Hay un motivo por el que prolifera el lujo insensato de cubrir extensiones con césped en los países meridionales. Cuando el sol cae sobre él a mediodía se produce una sensación exaltante de irrealidad. Al llegar nos topamos con sombrillas blancas y niños corriendo entre las mesas. Una copa de vino aparece en tus manos. Cegado por la luz te encuentras a decenas de personas que conoces, algunas han formado parte de una etapa de tu vida. Un gigantesco plátano de sombra extiende bíblicamente sus ramas sobre todos nosotros. Abrazos, reencuentros, una euforia generalizada tras las gafas de sol, la misma vestimenta algo diferente a la habitual, todo contribuye a crear una absurda sensación de experiencia post mortem. Al fondo, más allá del césped, hay un camino flanqueado por árboles a lo Fra Angelico, una hilera de mujeres jóvenes, vestidas de negro con delantales blancos, marcha por él portando bandejas, buenas chicas, trabajadoras esperando el fin de su jornada y la vuelta a su vida mientras nosotros nos creemos en la eternidad.

*   *   *   *   *   *   *   *   *   *   *   *

Bien es verdad que no fue una boda típica, pero más adelante la novia arrojó al aire el ramo de flores y una chica lo recogió entre risas. En esa mezcla granítica de narcisismo y sentimentalidad que podemos llamar pensamiento adolescente, se desprecian los ritos nupciales, somos demasiado listos, demasiado complejos para repetir esas convenciones, esa representación de afectos, para consentirnos compartir con el común de los mortales y todos aquellos que nos precedieron esos tiernos simulacros, reflejos degradados de gestos más antiguos que el plátano que a estas horas, todo hay que decirlo, está majestuoso. Luego, curiosamente se acaba creyendo en la energía o, como oscuros clérigos medievales, oponiéndose con espanto a los transgénicos. A mi me entra una risa. Los niños corren por el césped en un tiempo que no es el nuestro, entregados a sus asuntos. Los adultos, de momento, seguimos bebiendo.

*   *   *   *   *   *   *   *   *   *   *   *

Mis amigos tienen un grupo de rock, simplemente para divertirse y bien entrada la tarde, cuando la luz lo doraba todo, cogieron los instrumentos. Un vientecillo hacía volar pequeños vilanos desde la copa del plátano. Él también quiere perdurar.

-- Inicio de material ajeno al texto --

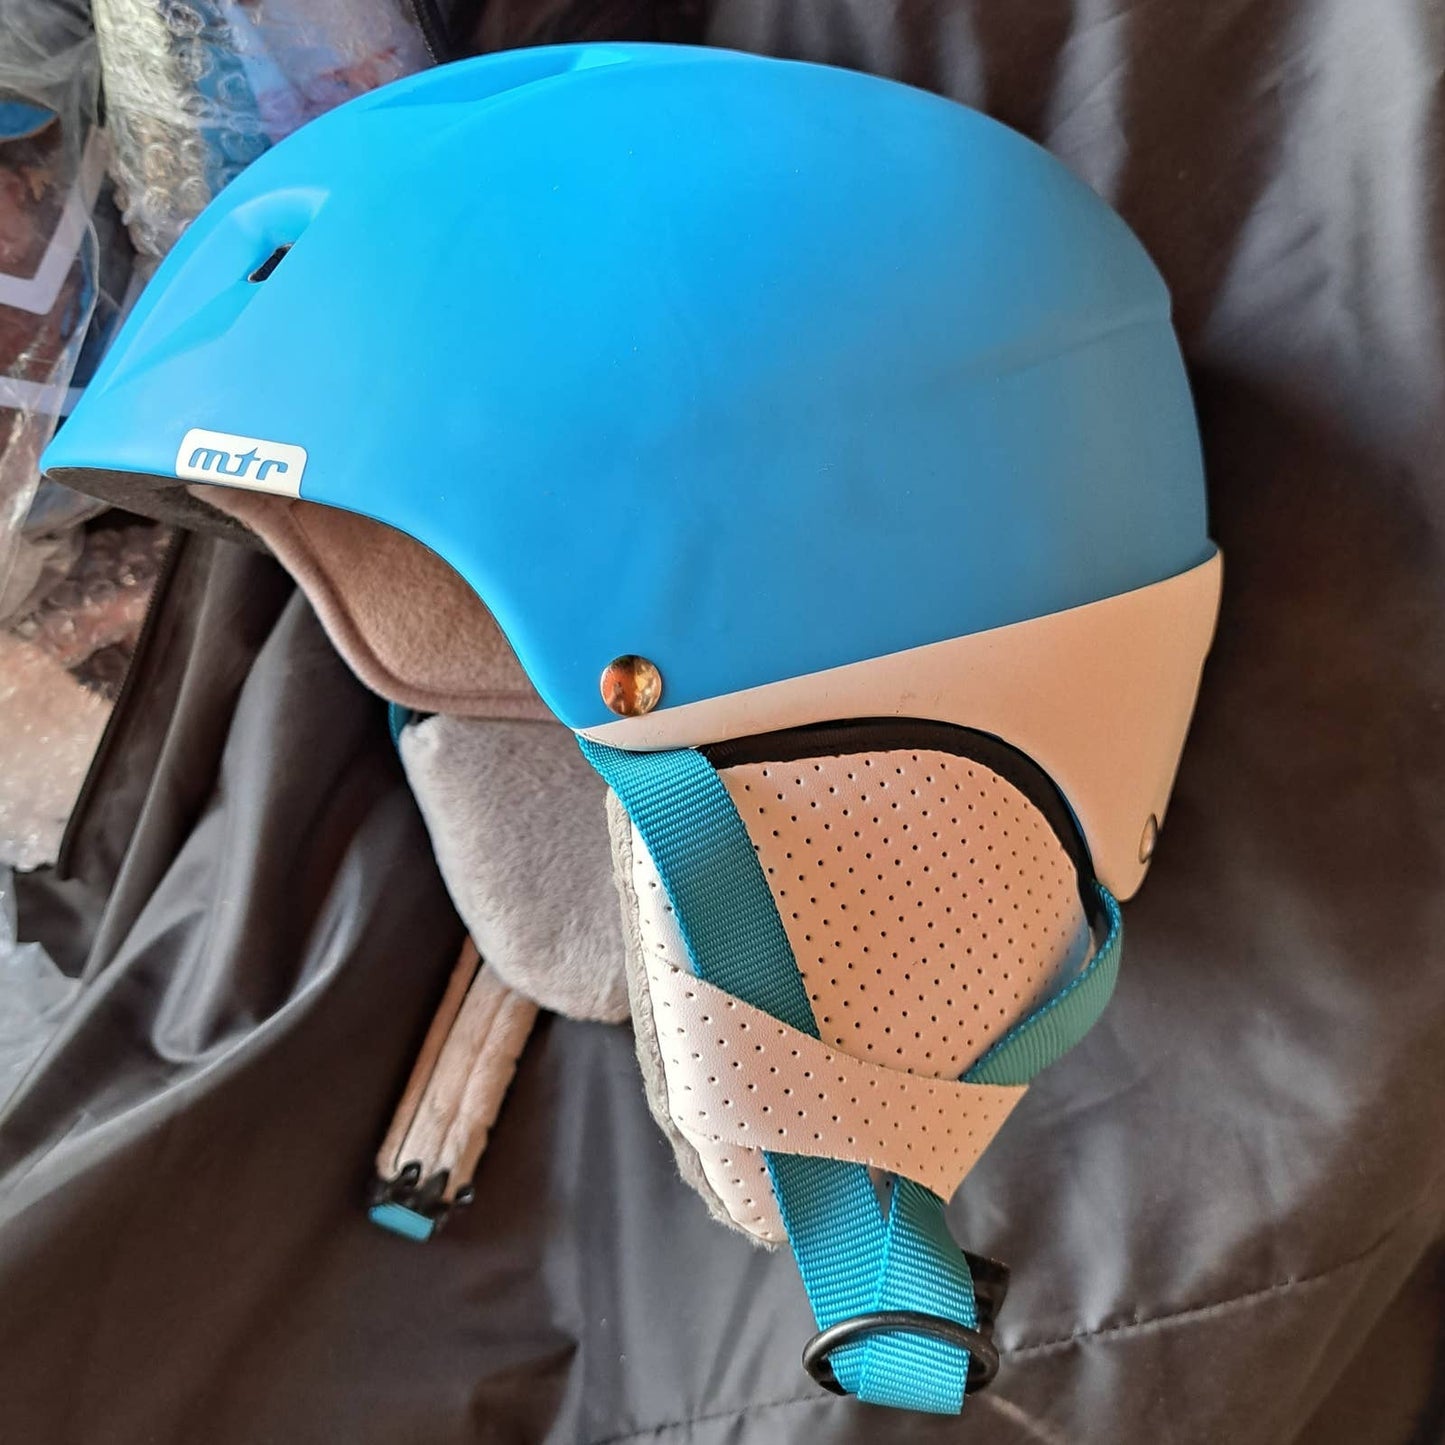 Meteor Snowboard-Ski Helmets with fleece earmuffs inside

Standin’ in the sunlight laughin’
Hidin’ behind a rainbow’s wall
Slippin’ and a-slidin’
All along the waterfall
With you, my brown eyed girl
You my brown eyed girl

Do you remember when we used to sing?

Sha la la, la la, la la, la la, la te da
Just like that

Sha la la, la la, la la, la la, la te da
La te da

¿Y sabéis?, en ese momento todo era perfecto, bailar sobre el césped rodeado de niños y vulanicos, corear las canciones a grito pelao, olvidar la existencia del miedo y del mal en el día de la boda de nuestros amigos, porque como dijo el gran Ángel “su felicidad multiplica la nuestra”. Sí, joder, sí.

*   *   *   *   *   *   *   *   *   *   *   *

La noche acaba por caer. Se encienden hileras de bombillas como en una vieja verbena. La luna asoma entre las ramas del plátano, que se va haciendo más antiguo a pasos agigantados. Vamos quedando menos. Desde el corazón negro de los surcos de la vega, el olor heroico del estiércol se extiende entre las mesas con vasos a medio vaciar. Algunos seguimos haciendo el camino hacia la barra de las bebidas, en ese momento de las fiestas en que hay una sensación de naufragio, un algo desesperado, como si fuera de allí una guerra acabara de empezar. Las pobres camareras estaban ya cansadas, intentando mantener el tipo. Me encontré con un conocido en la barra, no sabemos demasiado el uno del otro, creo que en ese momento nos percibimos mutuamente como unos crápulas. Llevaba un tosco ramillo de flores. Hice las bromas de rigor. Él me explicó.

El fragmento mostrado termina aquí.